L’élection présidentielle est prévue en avril 2019.

Chaque candidat qui a essayé de s’imposer face à Abdelaziz Bouteflika lors des présidentielles tenues depuis vingt ans a échoué parce que le système était verrouillé. Malgré des obstacles, le candidat principal d’opposition à l’élection suprême en 2004 et en 2014, Ali Benflis, ancien Ministre de la justice et premier Ministre en 2001 après la Décennie noire, arrivait en 2014 à rassembler 12 % des votes, se plaçant second derrière Bouteflika. Pour beaucoup, si le jeu n’avait été pas pipé dès le début, c’est bien lui qui aurait gagné la Présidentielle.

Qu’en est-il aujourd’hui si M. Ali Benflis se présente ?

Ali Benflis aura 72 ans en 2019 et c’est peut-être son heure. Longtemps secrétaire général du FLN, en rupture avec Abdelaziz Bouteflika depuis 2003, il n’a eu de cesse, comme avocat et militant des droits de l’homme, de dénoncer la corruption et les fraudes électorales à chacun des scrutins majeurs historiques du pays. Il connaît bien le système politique algérien et sait que si le président sortant renonce à se présenter cette fois ci, il sera le mieux placé pour fédérer de nombreuses forces du pays pour contrer notamment l’inquiétante montée des islamistes.

Contrairement à beaucoup d’autres prétendants isolés, Ali Benflis, après avoir créé son propre parti en 2015, Talaie El Hourriyet, est devenu le principal opposant à Abdelaziz Bouteflika.

Ali Benflis n’est pas un homme comme les autres en Algérie. Contrairement à Abdelaziz Bouteflika, il est un berbère. Il est originaire de Batna, la fameuse capitale des Aurès, cette chaîne de montagnes essentiellement peuplée par le peuple berbère chaoui.  Plus que d’autres rivaux du président, il a l’expérience, l’art de fédérer, le réseau local du parti, un programme de renouveau national.

Mais ce qu’il lui manquait en 2014 est peut-être en train de se résoudre : l’indispensable soutien de l’armée qu’il avait déjà en partie obtenu auparavant mais qui a pu parfois être à géométrie variable. Il n’est pas un militaire. Rappelons qu’il a créé la première Ligue indépendante des droits de l’homme du pays en 1988, ce qui peut le rendre sympathique pour un certain nombre d’Algériens.

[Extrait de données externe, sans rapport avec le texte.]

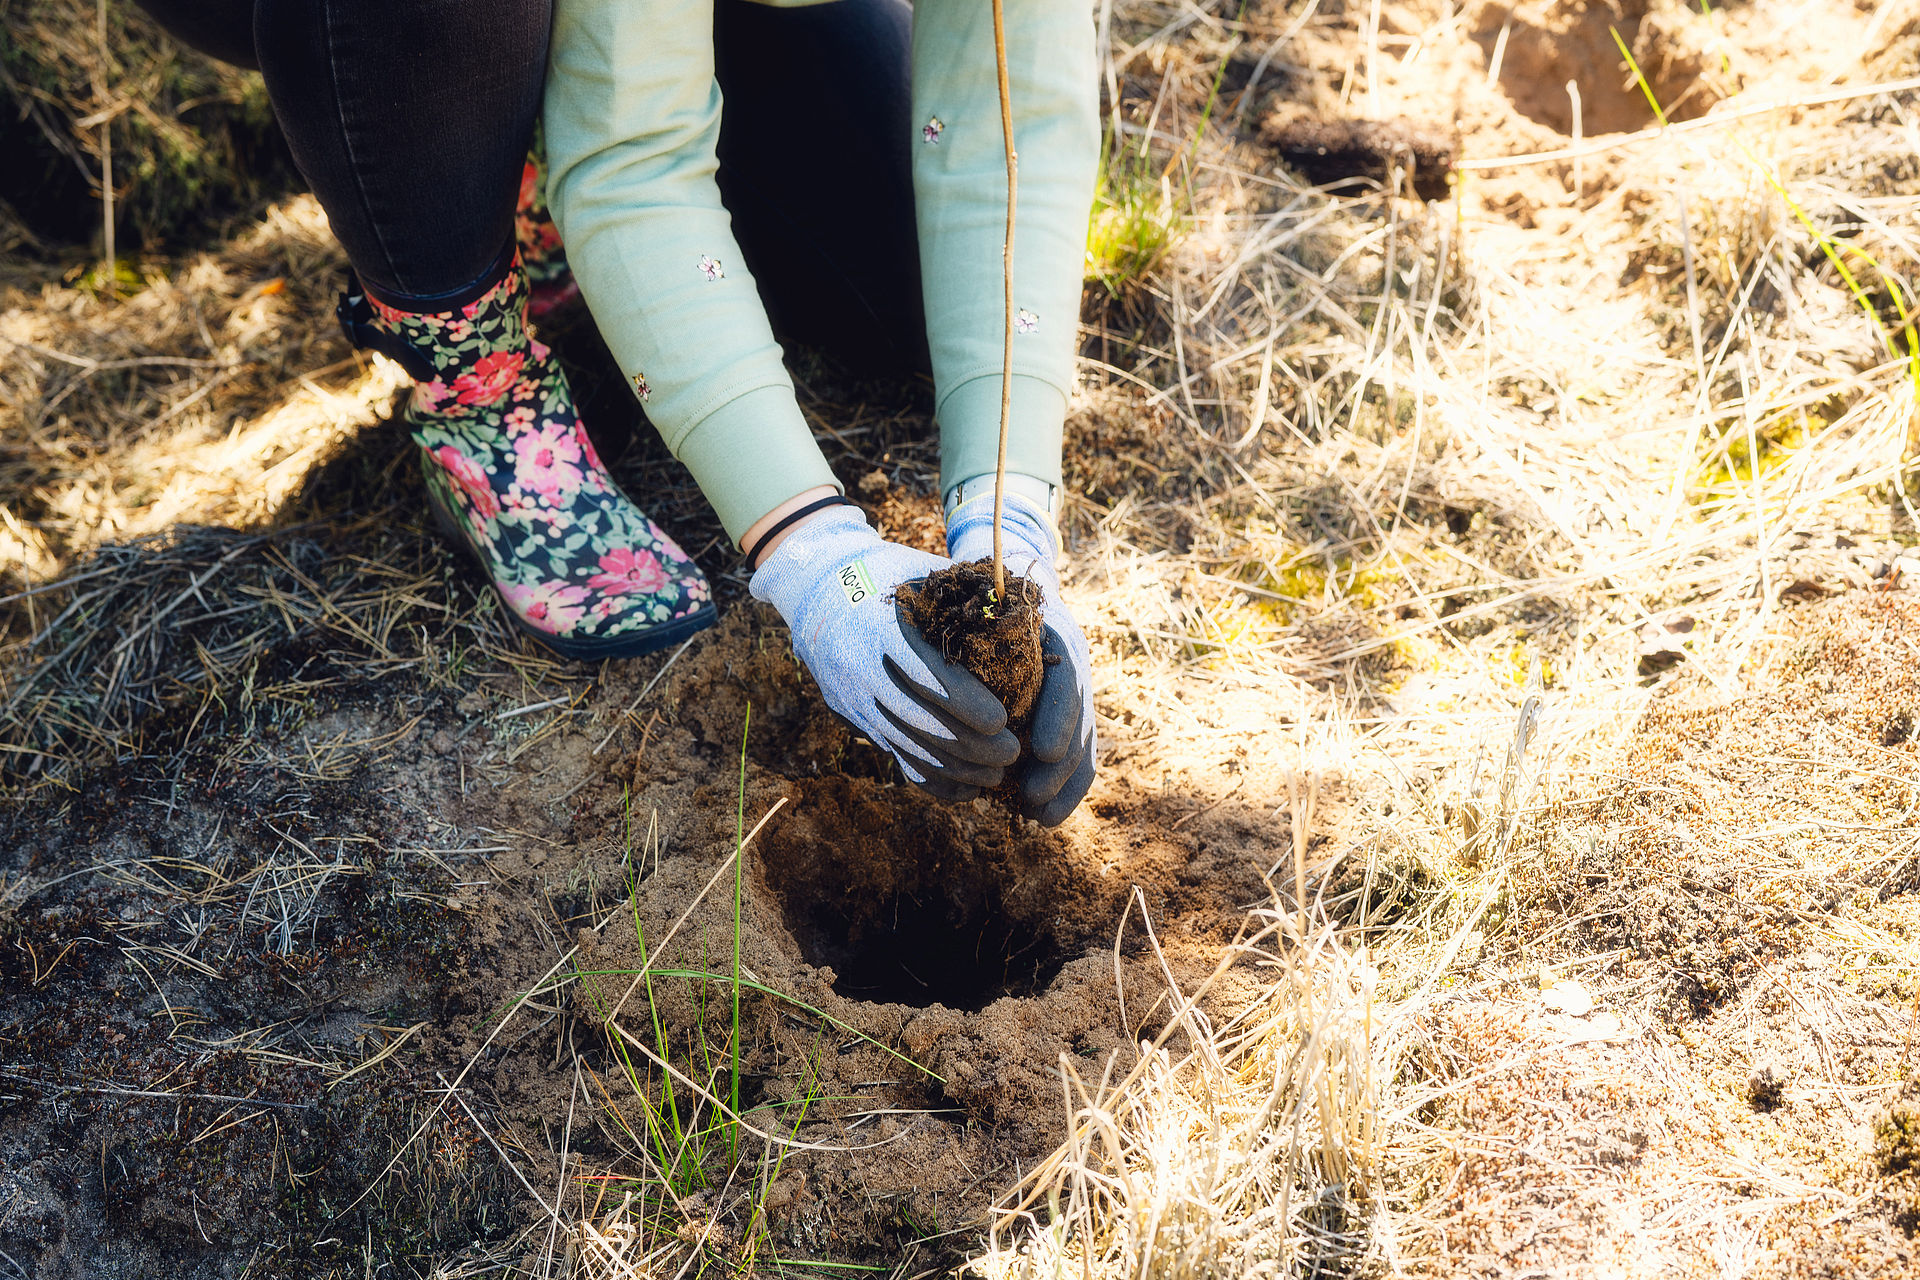 Baum-Setzling wird von einer Frau mit Handschuhen in den Boden gepflanzt

Jusque maintenant, Ali Benflis était resté dans l’attente, optant pour une stratégie prudente pendant des mois, afin de prendre de l’ascendant sur la classe politique algérienne, tous partis confondus, de renforcer cette image de fédérateur et modéré qu’il est, et qui pourrait être cette année ce recours que les clans au pouvoir, l’armée, les oligarques, viendront chercher pour éviter à l’Algérie de partir à la dérive. 2019 marquera peut-être l’histoire et les choses pourraient aller très vite.

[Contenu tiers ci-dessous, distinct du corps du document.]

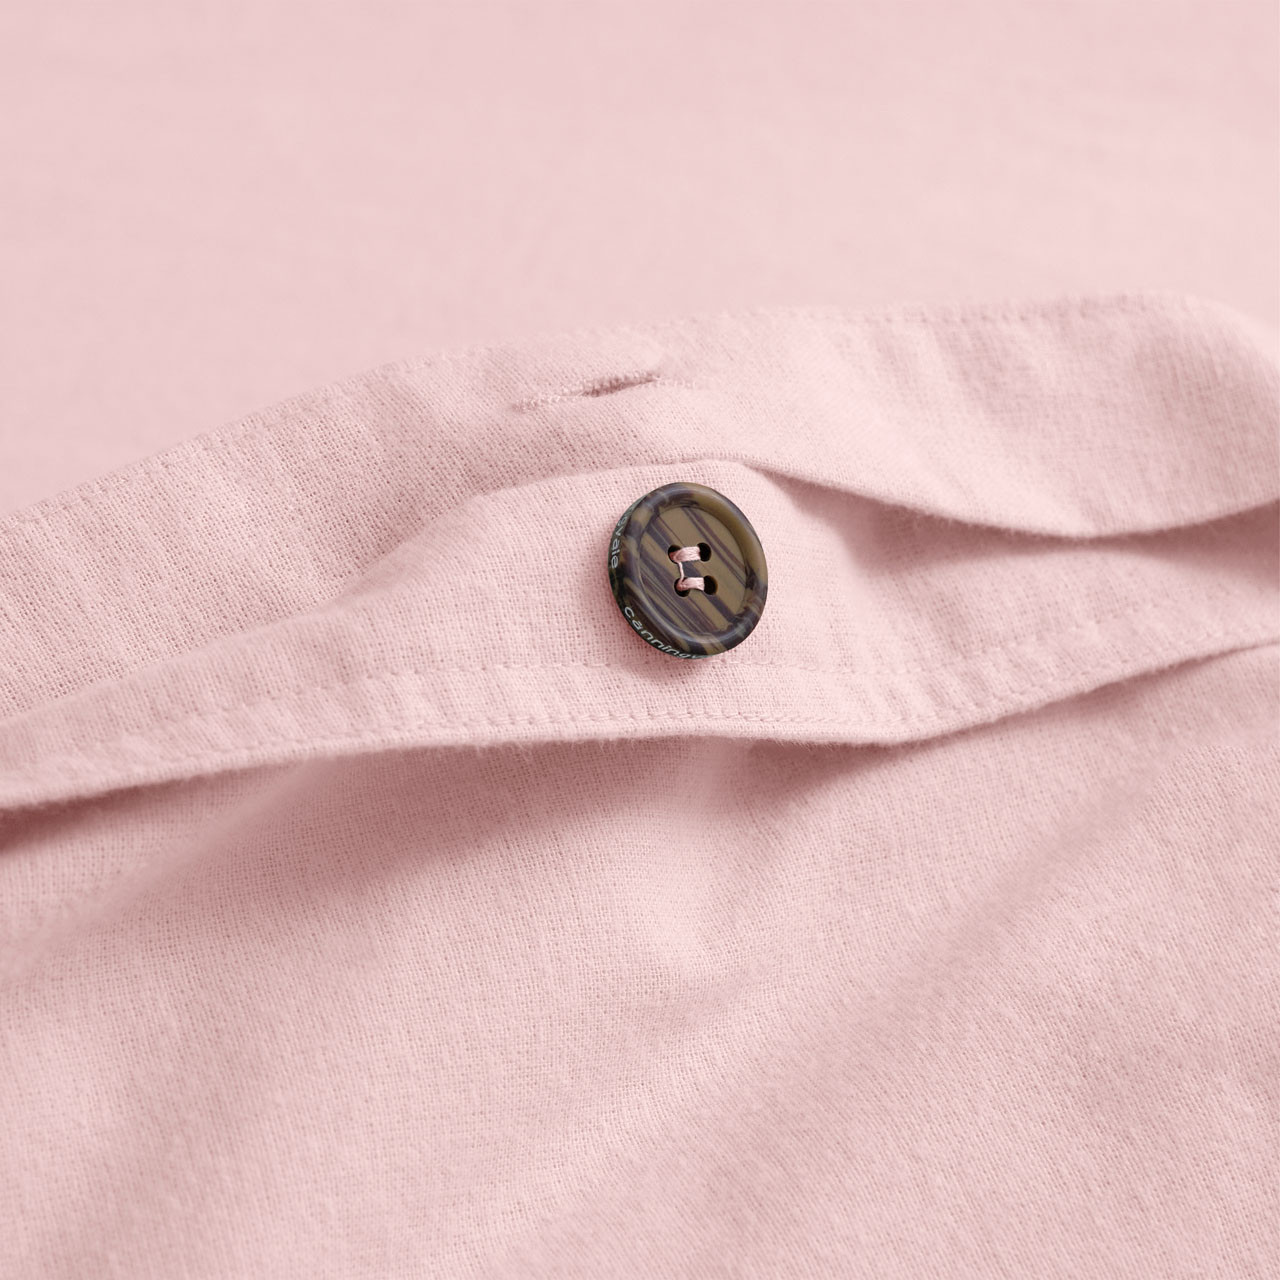 Cotton Flannelette Blush Pink Quilt Cover Set - CoziCotton

Quel est le programme d’Ali Benflis pour prévenir de ce chaos politique en Algérie ? Il faudra une réforme profonde de l’État et des institutions du pays,  l’instauration progressive d’un Etat de droit, une lutte active contre la corruption et les privilèges, une diversification de l’économie indispensable, remettre l’intérêt général au cœur de la vie politique au détriment de l’intérêt de certains, soutenir un système permettant l’attribution des marchés publics en toute transparence, moderniser l’administration et rentabiliser ses efforts, moderniser la justice qui doit devenir un vrai contre-pouvoir et un organe de poursuite judiciaire efficace de politiques clientélistes, favoriser un pluralisme politique qui ne soit pas que de façade, ouvrir le pays au monde et au tourisme.

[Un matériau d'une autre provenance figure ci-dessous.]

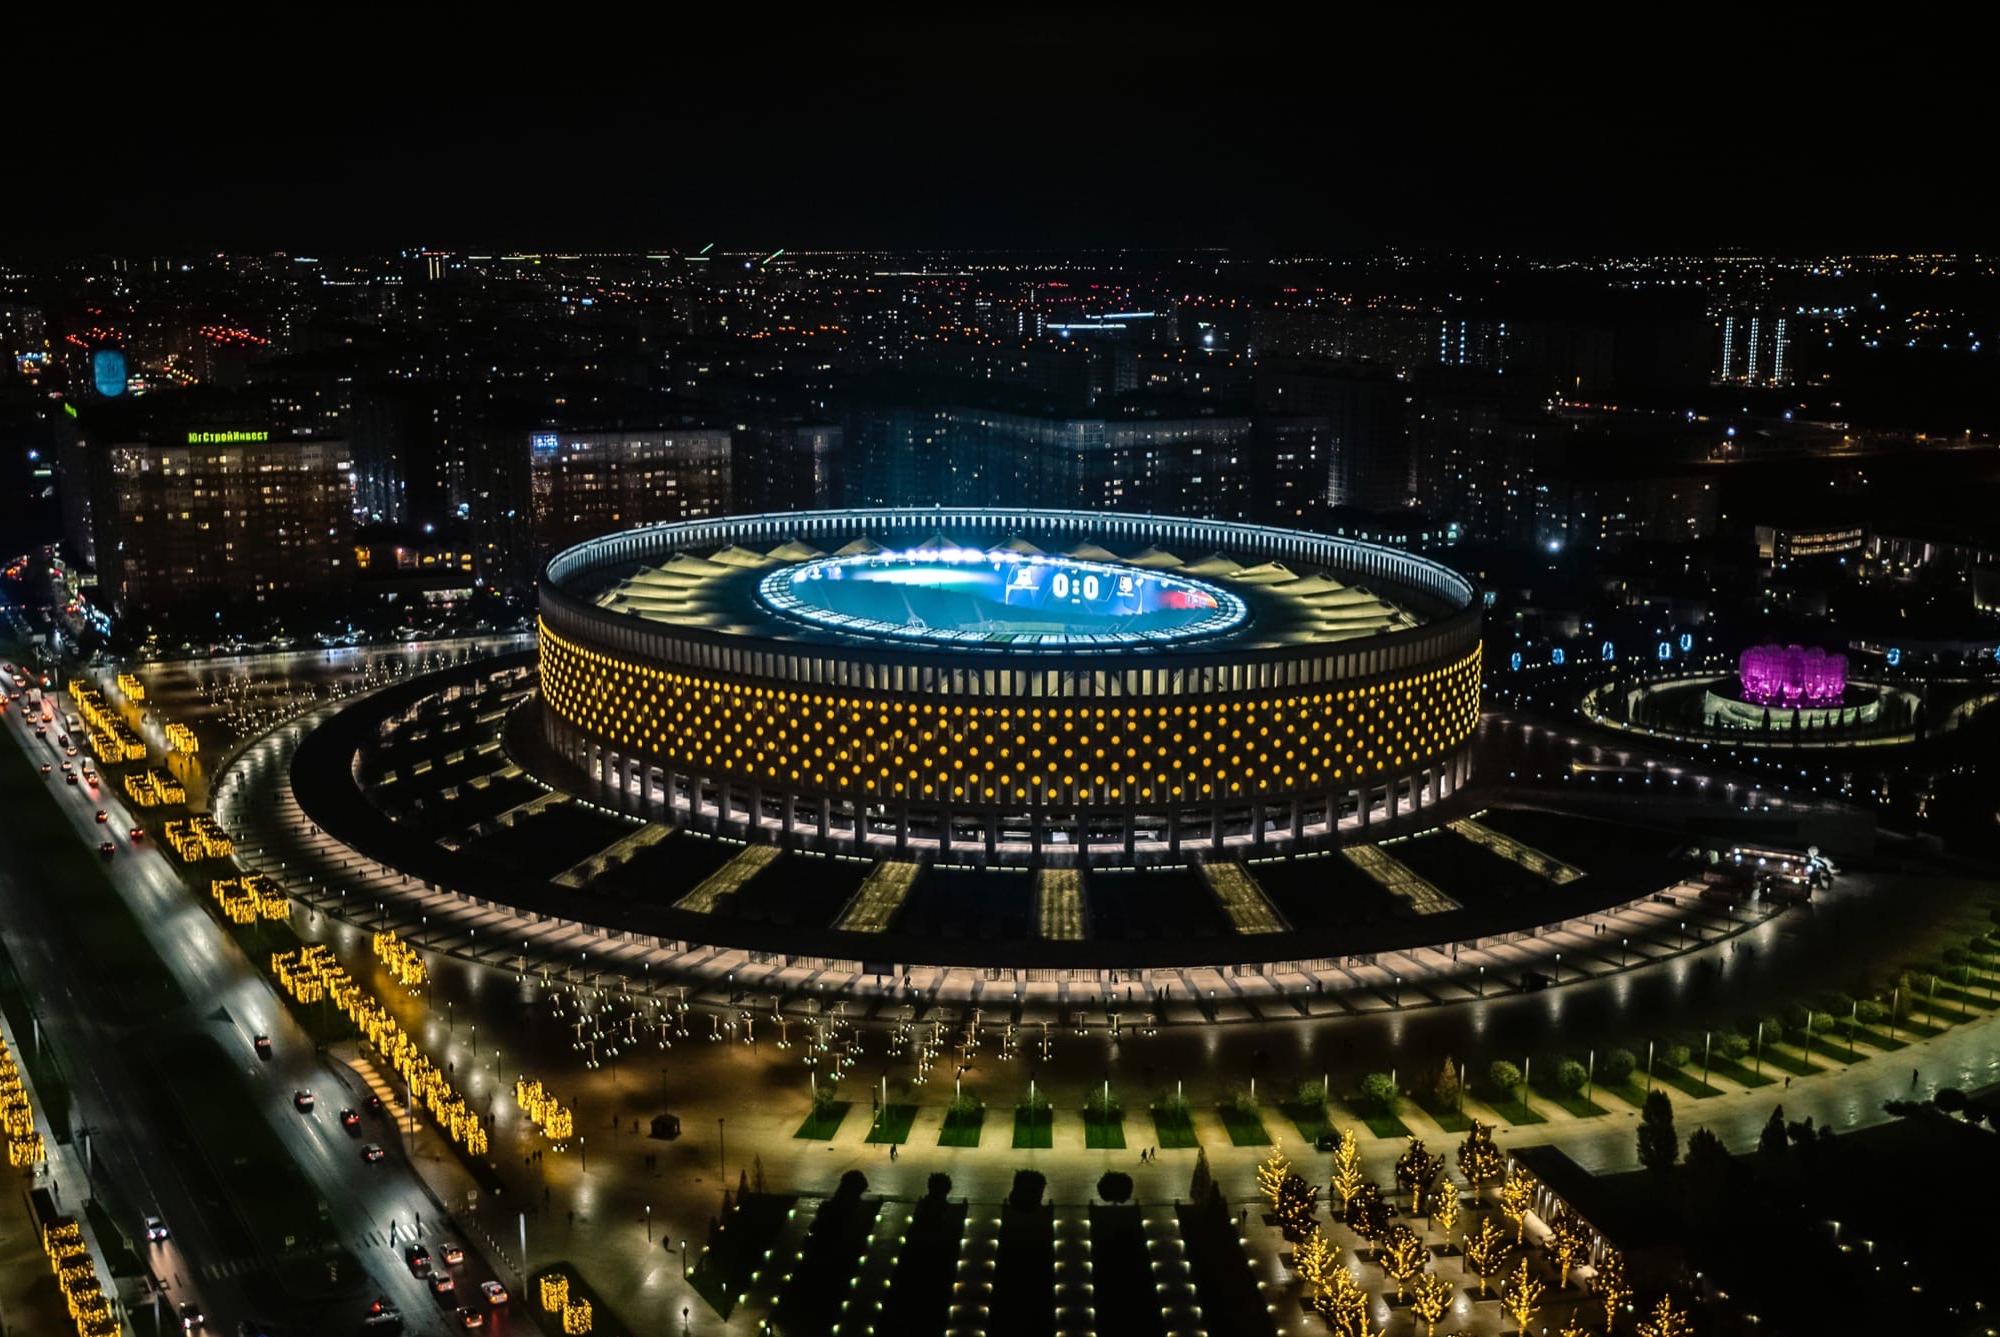 Стадион Галицкого в Краснодаре

Ali Benflis n’a rien à perdre à se lancer et se proposer comme l’homme de la situation pour 2019 : à condition bien sûr et seulement si Abdelaziz Bouteflika finit réellement par renoncer à briguer quoi que ce soit et préempter l’avenir d’un pays qui ne demande qu’à rajeunir, se moderniser, se diversifier, s’ouvrir, accueillir le tourisme, et tenter de reprendre un leadership régional tout en négociant un certain nombre de questions sensibles avec notamment le Maroc, que Ali Benflis a toujours considéré, lui, comme un pays frère.

Il faudra suivre les prochaines semaines les différentes déclarations de son parti pour mesurer tous les enjeux qui risquent de survenir à seulement quatre mois de la présidentielle qui va arriver très vite.

Ali Benflis est certainement le seul recours pour les Algériens aujourd’hui et c’est pourquoi il  aura peut-être enfin rendez-vous avec le destin de son pays en 2019.